It is very often the case that what you want is atomicity, you want a bunch of things to happen together, or you want mutual exclusion, meaning you want something to happen and something else, but not both. Or you want sequencing – you want this to happen and then this. But you sort of achieve all of them through sequencing because that is the fundamental primitive given to you by the languages that you have. So that is the idea of these languages – you do not take sequencing away, but you hide it in a corner of the system so that the programmer has to explicitly ask for ordering. In such a way, the idea was that since ordering is the hard and expensive thing in distributed systems, you should make the programmer think when they ask for it so you do not end up with spurious order, which could be expensive to enforce for the reasons that I just enumerated: you need consensus, you need locks, you need these mechanisms that have costs.
Werner: So basically commutativity is a programmer’s best friend. Yes, commutativity, associativity, idempotence – all these algebraic properties. So if you can write down your systems in a language in which it is easy to spot those properties, you can win big.

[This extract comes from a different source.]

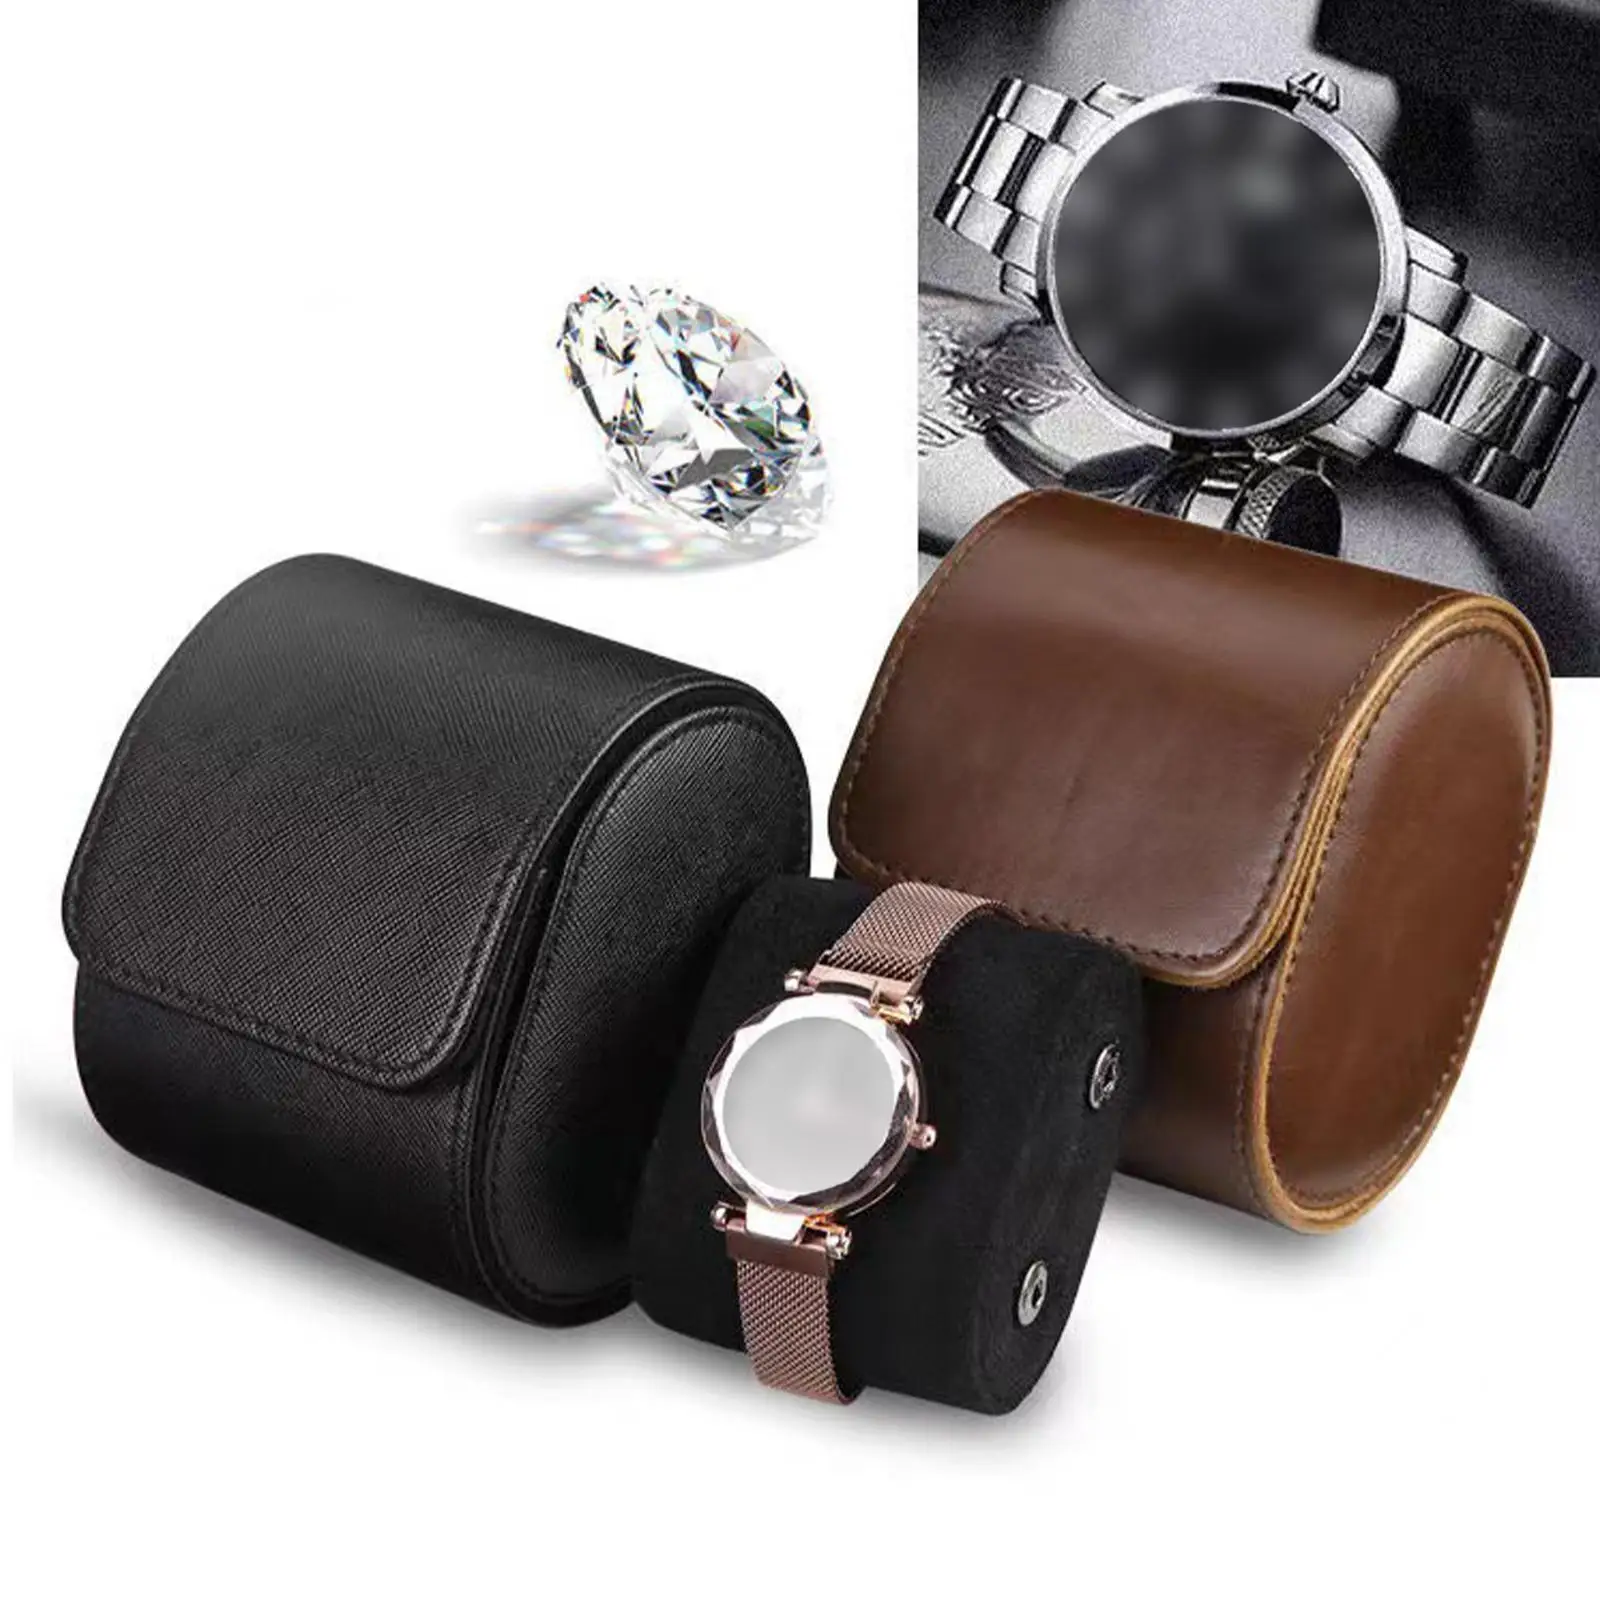 Watch Roll Travel Case Jewelry Storage for Men Women Wristwatch Holder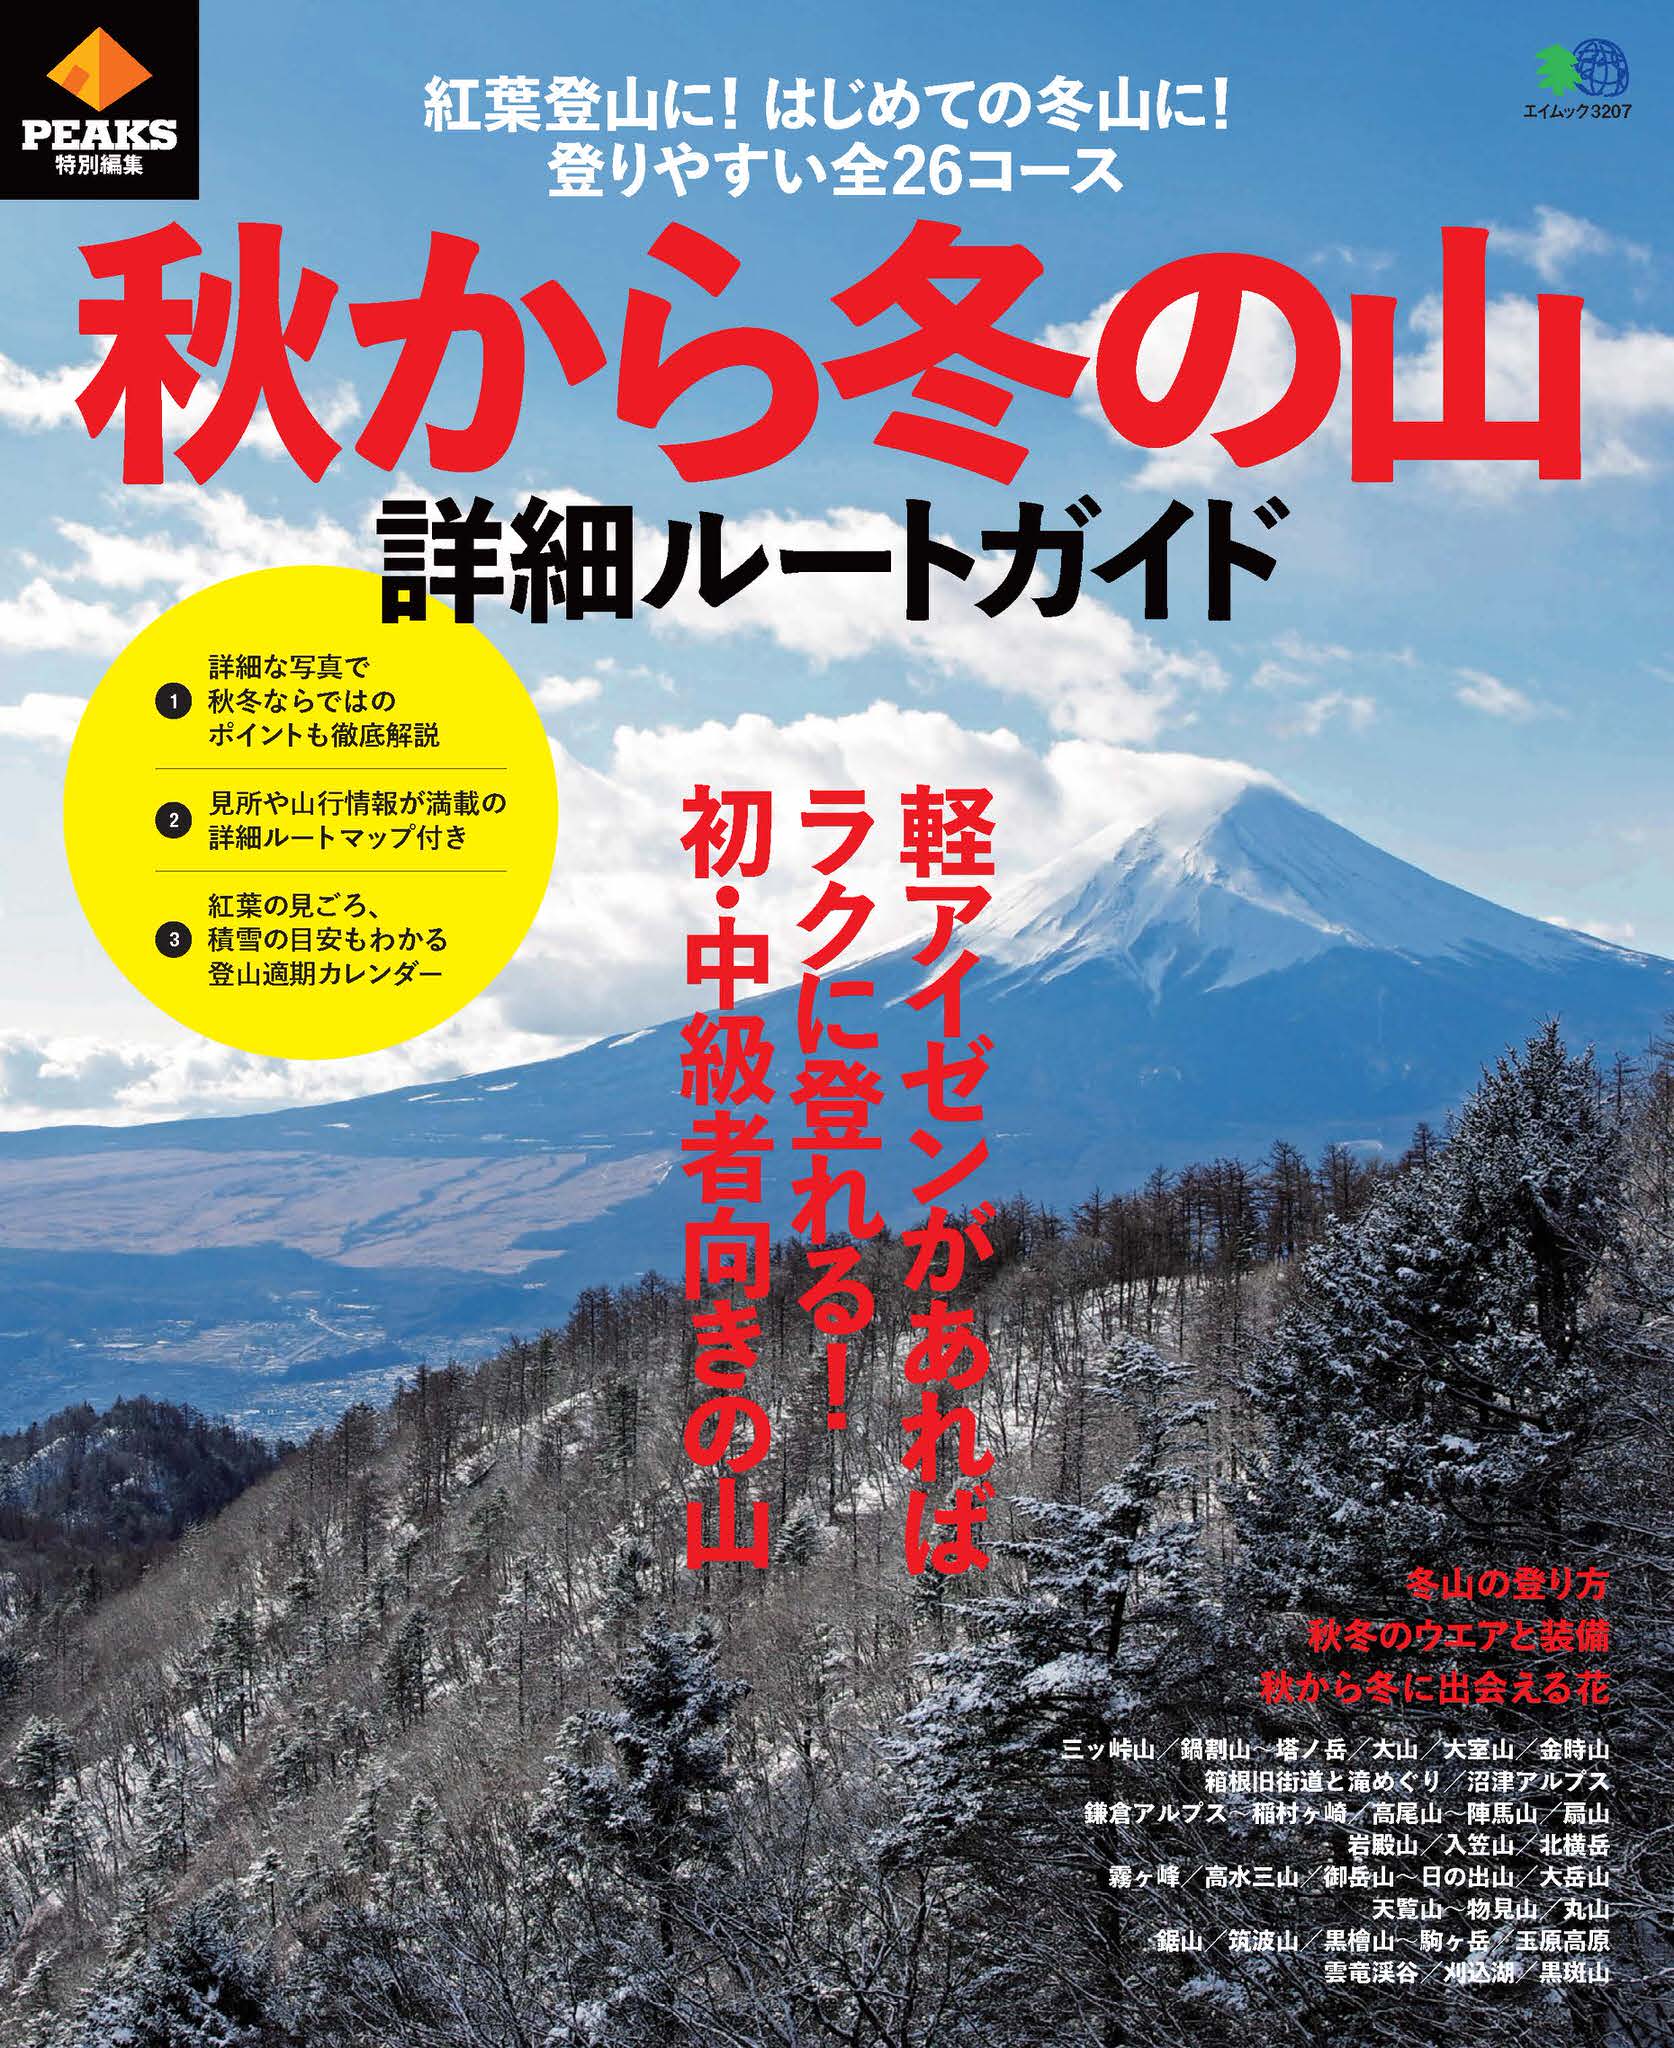 PEAKS特別編集 秋から冬の山詳細ルートガイド

No, I think functional languages help a lot, but do functional languages really give you a sound, static analysis for which operations commute. I think not necessarily. I think being able to reason about in a referential integrative way about the absence of side effects is profoundly helpful, but I do not think it gets all the way there. Personally, I think – and again this is maybe a subjective matter – I strongly believe that they are sort of isomorphic, but given a choice between a functional paradigm and a fundamentally relational or declarative, data-centric paradigm, I always incline towards the latter. This may just be because I come from the database tribe originally. But, you know, queries over sets, it takes sets in and takes sets out, ignoring the ordering and the batching in which things happen to appear, which is an attribute that was convenient in databases because of the efficiency of batch computation, but it is interesting applied to distributed systems where there is this high degree of uncertainty about arrival order.
Yes and no. I mean, Prolog is a very elegant language, but unlike Datalog, it does not have clean model-theoretic semantics in large part because in order to make Prolog certain to terminate and have efficient behavior, you end up using these extra logical operators like Cut. Once you introduce the Cut, the programmer is giving guidance to the runtime about execution order, which is exactly what we are trying to avoid.
Werner: I see. So basically it is a nice model in theory, but in reality you have to reintroduce sequencing. That is right. Essentially, in an ideal world – and this is a database guy talking obviously – a programmer would be an expert in a domain, like a real domain, like medicine, right. They would be able to write down the business rules about their domain, describing the desired outcome of the computation, without having to commit to details because the assumption is – and this is certainly true in databases – that the details are likely to be highly dynamic, changing all the time, changing as you upgrade your hardware, as you scale out your cloud and so on and so forth. But the less you rely on the programmer for hints about placement – well, placement is a contentious one – but about execution order, the more flexibility you have to rely on an optimizer to make the right decisions to be consistent with the desired semantics of the program and to be able to fit the execution environment. Now, I do not mean to trivialize how difficult distributed optimization is, but it is still a worthy goal for a researcher.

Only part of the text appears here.